In the four years that Johnson has won the Sprint Cup title, he’s raced in 40 Chase races and won 12. He’s also recorded 24 top-five finishes and 31 top 10s. He’s led 2,756, or 21.5 percent, of all Chase laps during that stretch.
Even more impressive, Johnson has finished fifth or better in the final championship points standings each year since joining the Sprint Cup full-time in 2002, and, at age 34, he is already more than halfway to owning the all-time championships record currently shared by Richard Petty and the late Dale Earnhardt at seven and is tied with teammate Jeff Gordon, who also has four.
Before it is all said and done, Johnson may just be considered the best.
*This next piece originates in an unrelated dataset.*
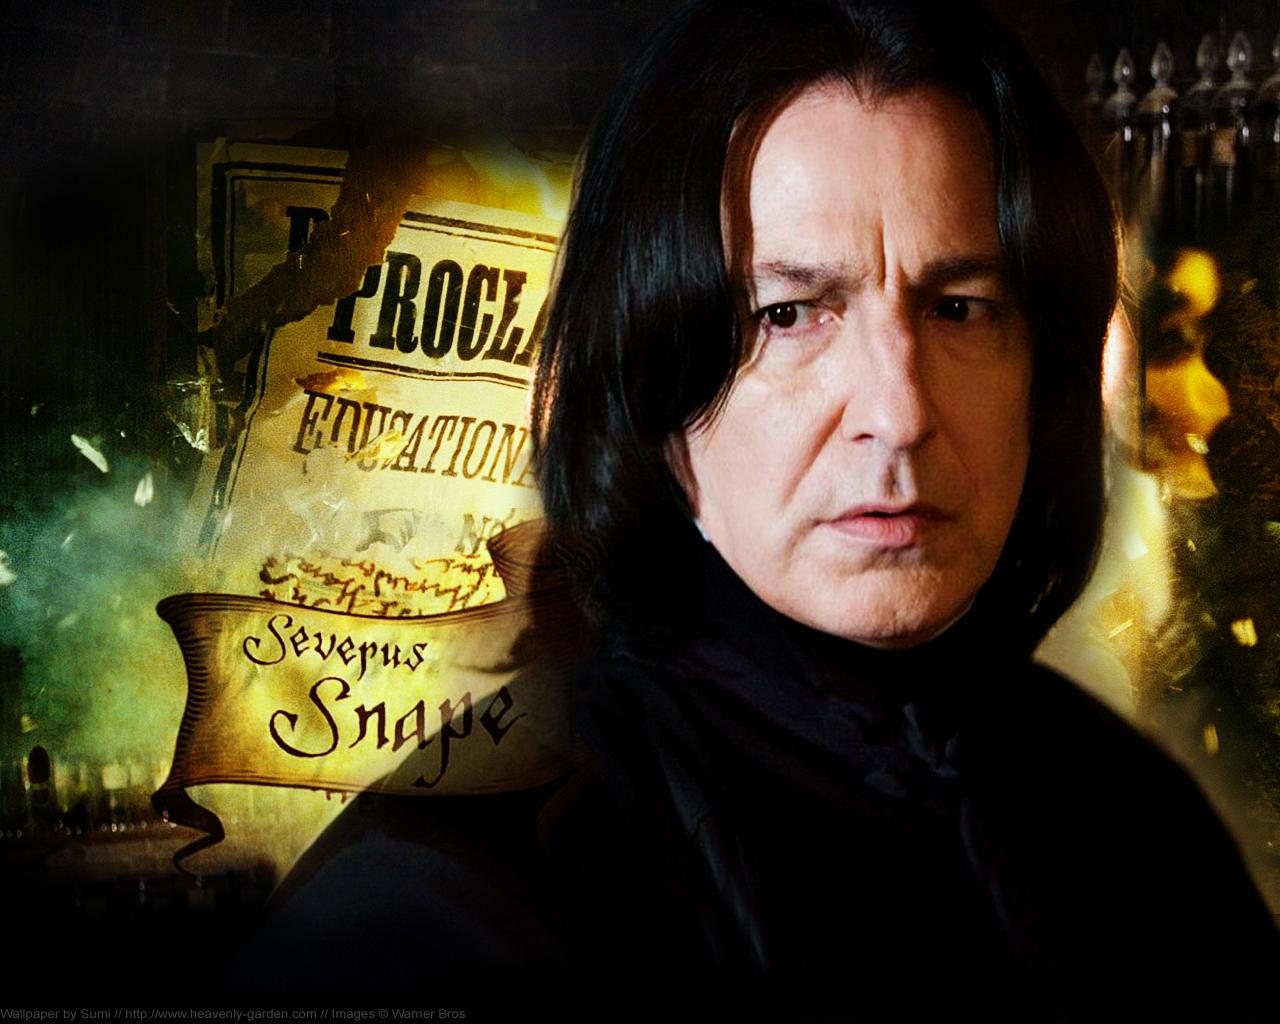 http://images1.fanpop.com/images/image_uploads/Severus-Snape-severus-snape-812081_1280_1024.jpg

Heck, he may just be the best ever right now.
NEW ROLE FOR RAY?
Former crew chief and car owner Ray Evernham might just want to get back into the day-to-day activities of running a NASCAR race team.
OK, so maybe he isn’t coming right out and saying as much, but if his comments to NASCAR.com over the weekend are any indication, we may just be seeing the former voice in Gordon’s head back atop a pit box before long.
“Unfortunately for me, there are a lot of legal things going on right now. And there will be more legal things to come,” Evernham, who is a minority stockholder in Richard Petty Motorsports and also serves as a color analyst for ESPN TV race broadcasts, said. “I’m not 100 percent sure (what I’ll be doing next year). Right now I have a contract on the table from ESPN — and I love working for ESPN. I have a blast with what I do there.
“We’ll have to see. I’m not going to say that I’ll never be back over here. I just don’t know in what capacity.”
Evernham’s minority ownership stake in RPM came as part of a merger deal between Petty Enterprises and Gillett Evernham Motorsports, of which Evernham was a minority owner with current businessman George Gillett.
He’s told a number of media that he would like out of his current role at RPM, which has recently announced yet more merger plans, this time with Yates Racing, adding that he’d like to be more involved with the racing aspect of an organization.
He currently has a non-compete clause that he signed as part of the GEM deal that needs some clarification now that GEM ceases to exist. When asked by NASCAR.com about the non-compete clause and what it means after all the merger deals, Evernham would only say that “those are all the things that we’re working on.”